+++ Data for this exercise
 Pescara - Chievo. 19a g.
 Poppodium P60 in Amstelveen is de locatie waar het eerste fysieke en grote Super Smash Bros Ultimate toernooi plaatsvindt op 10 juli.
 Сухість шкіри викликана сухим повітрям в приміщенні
++++++
+++ Data for this exercise
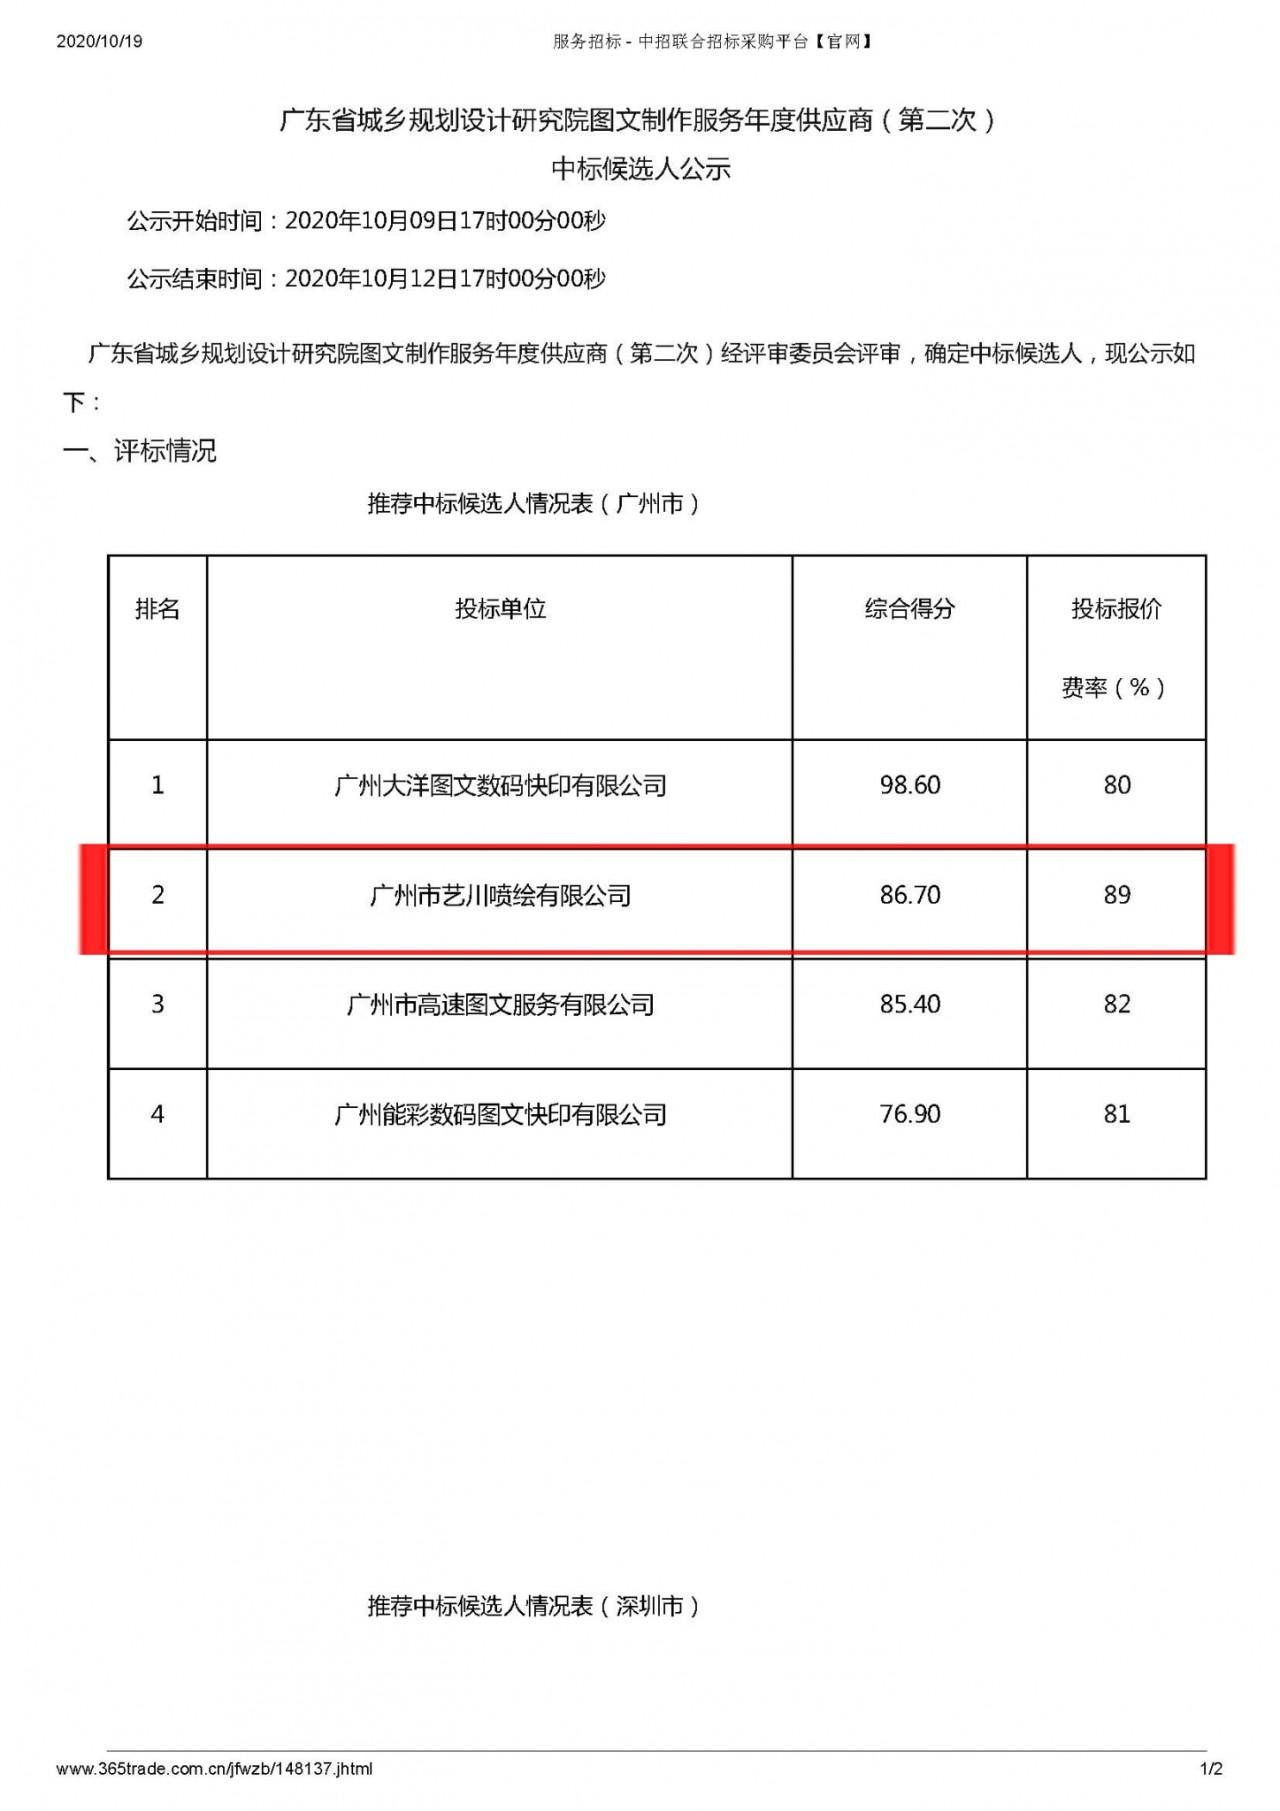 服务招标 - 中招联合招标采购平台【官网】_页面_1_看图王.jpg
++++++
+++ Data for this exercise
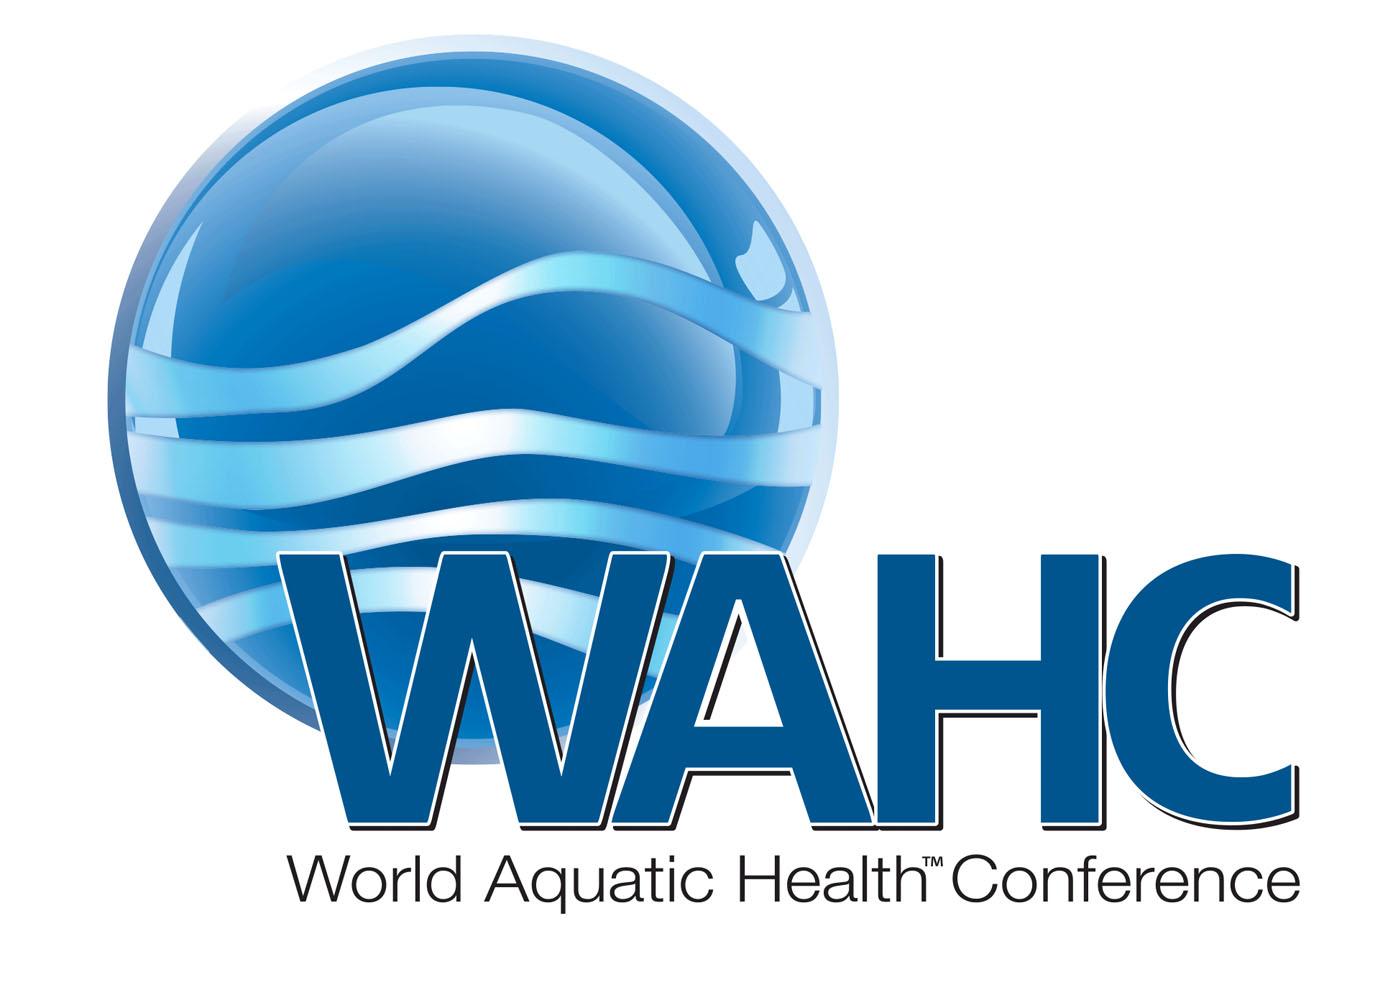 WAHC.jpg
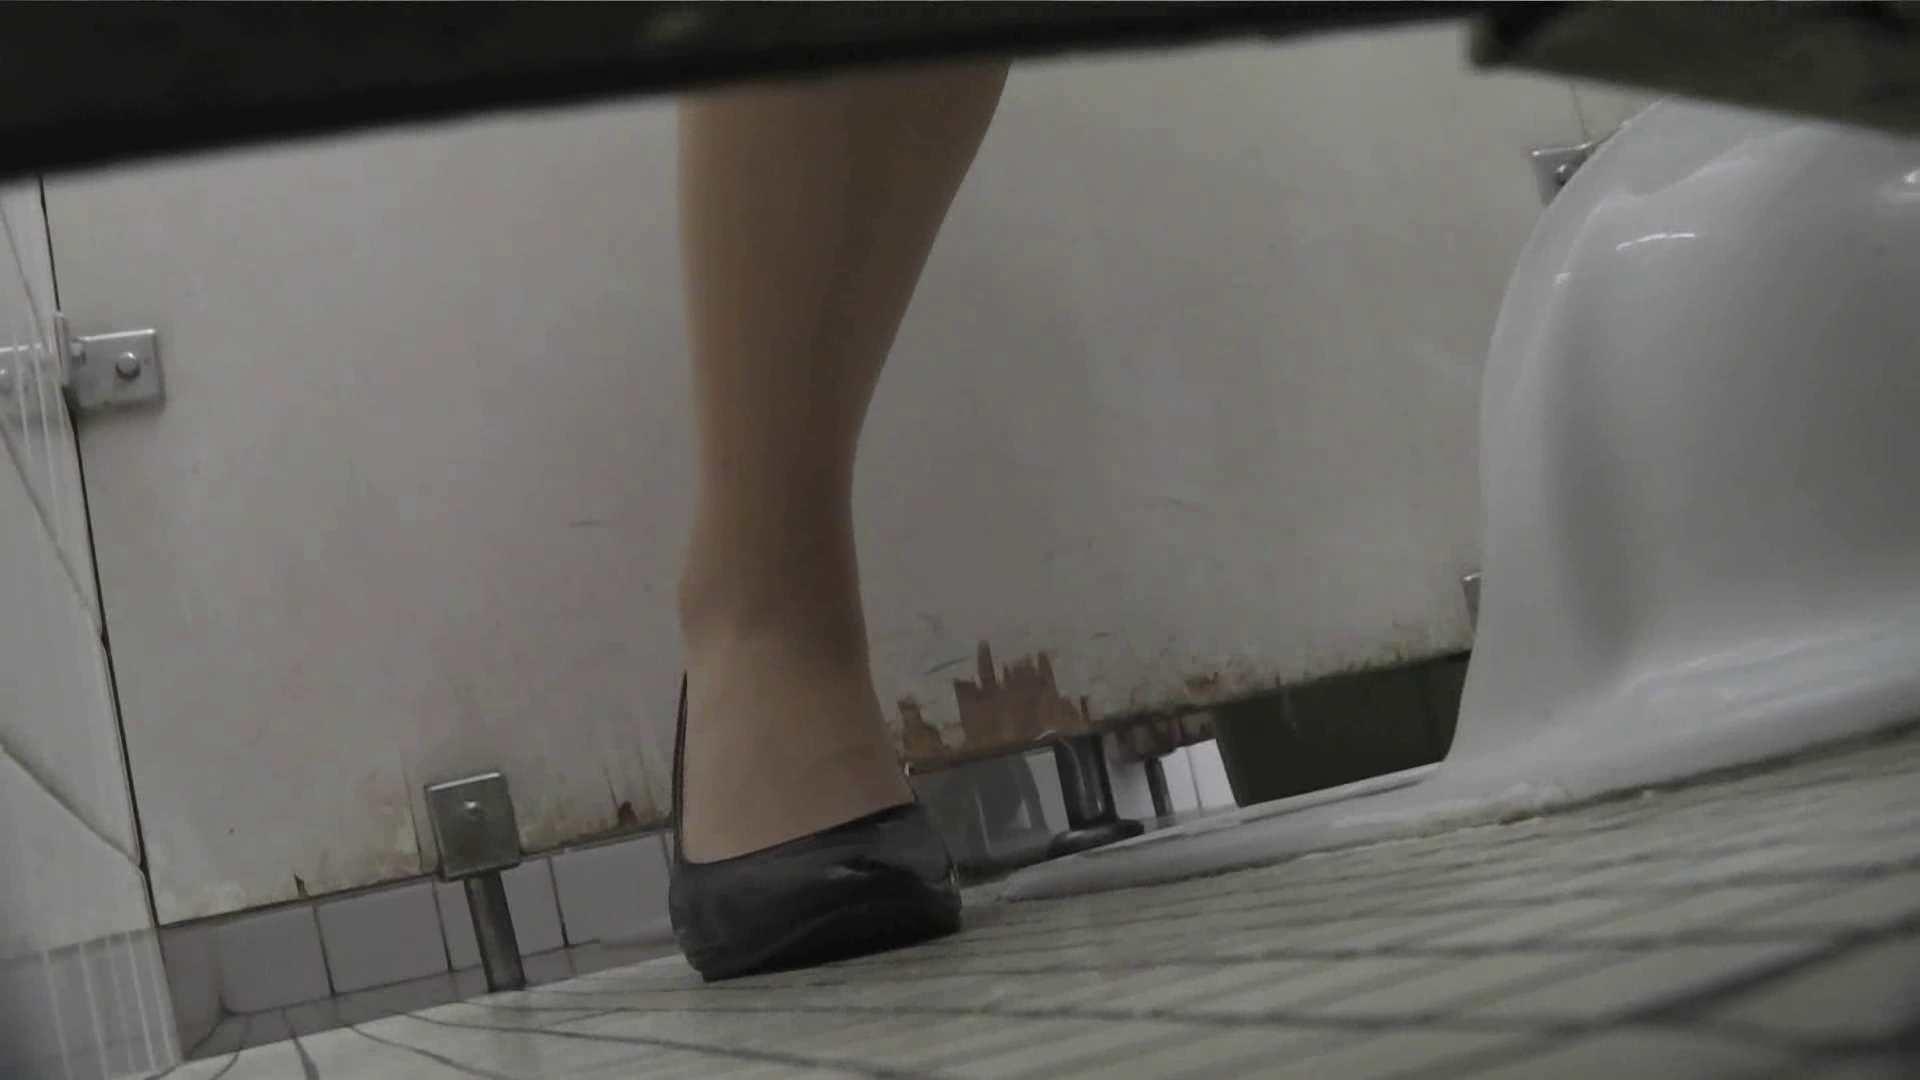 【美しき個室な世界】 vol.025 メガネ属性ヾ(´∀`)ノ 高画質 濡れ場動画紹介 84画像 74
++++++
• Assignment
Could you return exactly the stretch of the data above that starts at the line with "Pescara - Chievo. 19a g." and ends at the line with "Сухість шкіри викликана", both lines included?

• Output for this task
 Pescara - Chievo. 19a g.
 Poppodium P60 in Amstelveen is de locatie waar het eerste fysieke en grote Super Smash Bros Ultimate toernooi plaatsvindt op 10 juli.
 Сухість шкіри викликана сухим повітрям в приміщенні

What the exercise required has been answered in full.